Studio album by Carol Lloyd
- Released: December 31, 1979
- Recorded: 1979
- Studio: Alpha International Studios (Philadelphia)
- Genre: Disco
- Length: 30:53
- Label: Casablanca; Earmarc;
- Producer: Michael Forte; Bruce Weeden;

Carol Lloyd chronology
|  | Score (1979) | Love Carol (1983) |

Singles from Score
- "Score" Released: September 1979; "Shake Me, Wake Me" Released: December 1979;

= Score (Carol Lloyd album) =

Score is the debut album by American recording artist Carol Lloyd, released on December 31, 1979, through Casablanca Records and Earmarc Records. Following Lloyd's signing with Earmarc, a new label division of Casablanca, she began recording material for the record throughout the latter half of 1979. A disco album, Score was one of the first projects to be released from the label, which specialized solely in disco music. All six of the tracks on the record were produced by Michael Forte and Bruce Weeden, with the former individual also contributing lyrics to four of the aforementioned songs.

Lloyd released "Score" and "Shake Me, Wake Me" as singles to promote the album, with the latter receiving heavy airplay from disc jockeys, entering Billboards Dance Club Songs chart at number 89, and being noted as a standout track from Score; the album was similarly well received by music critics. In the 2010s, Score was reissued by the Essential Media Group in two different formats, with the most recent one in 2016 featuring three bonus tracks.

== Background ==
American recording artist Carol Lloyd was first signed to Earmarc Records in August 1979, the new division of Casablanca Records headed by vice president of special projects, Marc Paul Simon. Earmarc Records would consist solely of artists releasing music in the disco genre, with Lloyd, the Duncan Sisters, Van Hinton, and Ricardo DeCampos to be among the first four artists signed to the newly founded company. The entire album was recorded and mixed at Alpha International Studios in Philadelphia throughout the latter half of 1979. Various collaborators helped out in creating Score, including saxophonist Mark Adler, design agency Gribbitt!, and drummer Robert Sonsini; also, mastering of the album's track took place at Sterling Sound Studios.

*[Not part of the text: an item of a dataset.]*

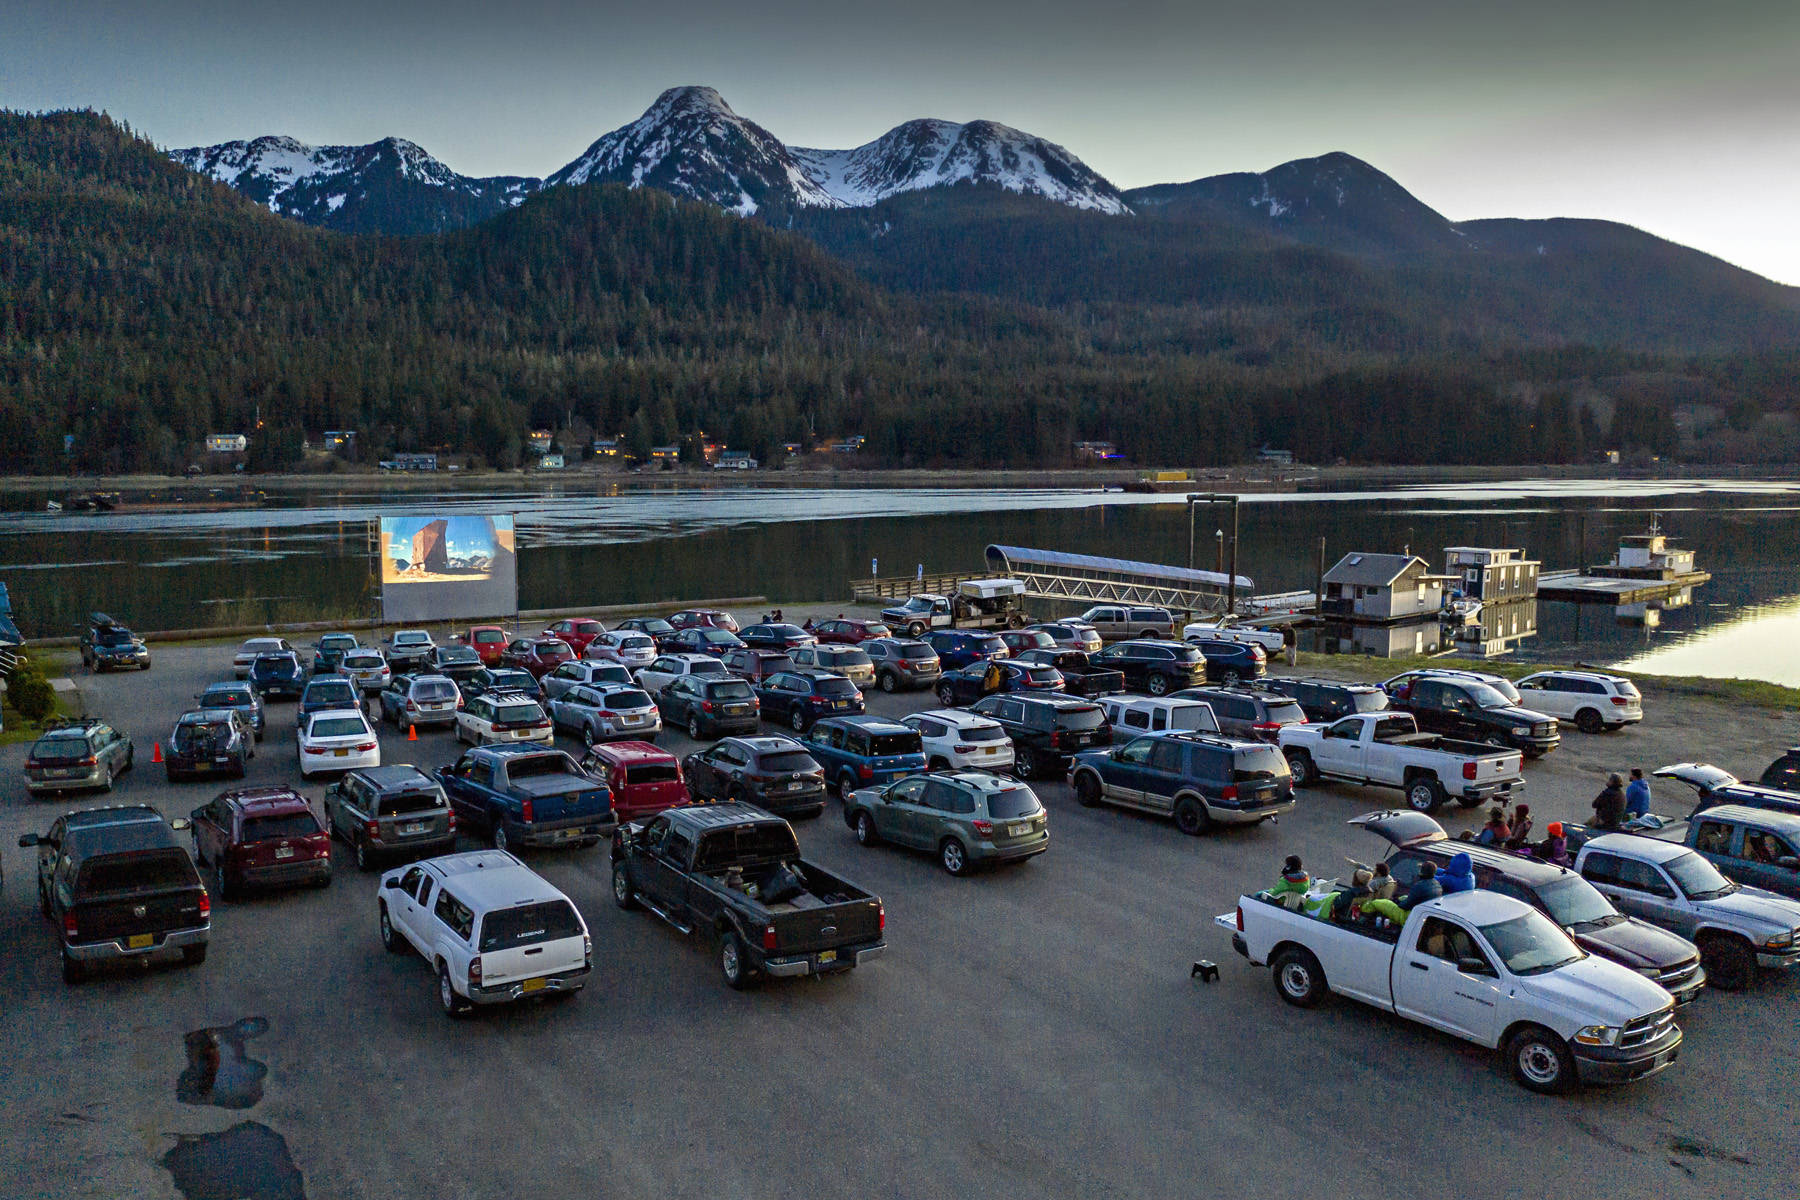 Juneau residents gather at the Gold Town Nickelodeons pop-up drive-in theatre to watch Star Wars: A New Hope on Star Wars Day, May 4, 2020. Screenings at the temporary outdoor theater will continue this week. (Christopher Miller | csmphotos.com)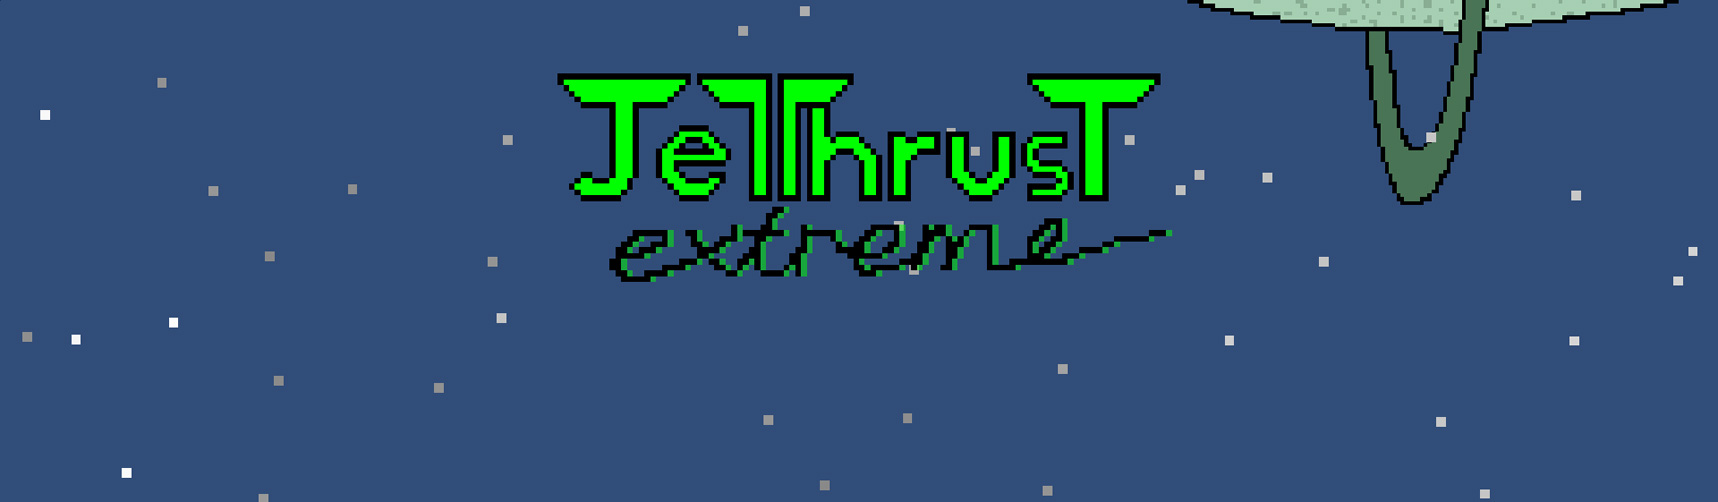 Pixel art image of space with Jet Thrust logo on

Several decades later, the Essential Media Group record label reissued Score in a digital format on May 11, 2010. It was distributed through the iTunes Store in the United States and features "remastered" versions of all six songs to appear on the album. The same label reissued "Score" with B-side "Shake Me, Wake Me" on May 27, 2014. One more reissued version of Score occurred on October 21, 2016; the previously unreleased "Expanded Edition" of Score included three bonus tracks that were exclusive to the digital release of the album. It included the 7" and 12" versions of "Shake Me, Wake Me" plus the 12" version of "Score", extending the number of the tracks on the record from six to nine.

== Singles ==
Lloyd's first commercial release with the label would be her single "Score", which would take place in September 1979. Serving as the album's lead single and the singer's debut single, "Score" was distributed in both 7" and 12" gramophone vinyl formats. It featured album track "Dream Dancer" as the B-side track, except on initial promotional printings where "Shake Me, Wake Me" was used instead. Michael Forte wrote and produced the track with Bruce Weeden serving as an additional producer; both Forte and Weeden also produced all of the album as well. The staff at Billboard would later include it in their "Top Single Picks" column on September 29 of the same year and listed it as a recommended track for readers of the magazine.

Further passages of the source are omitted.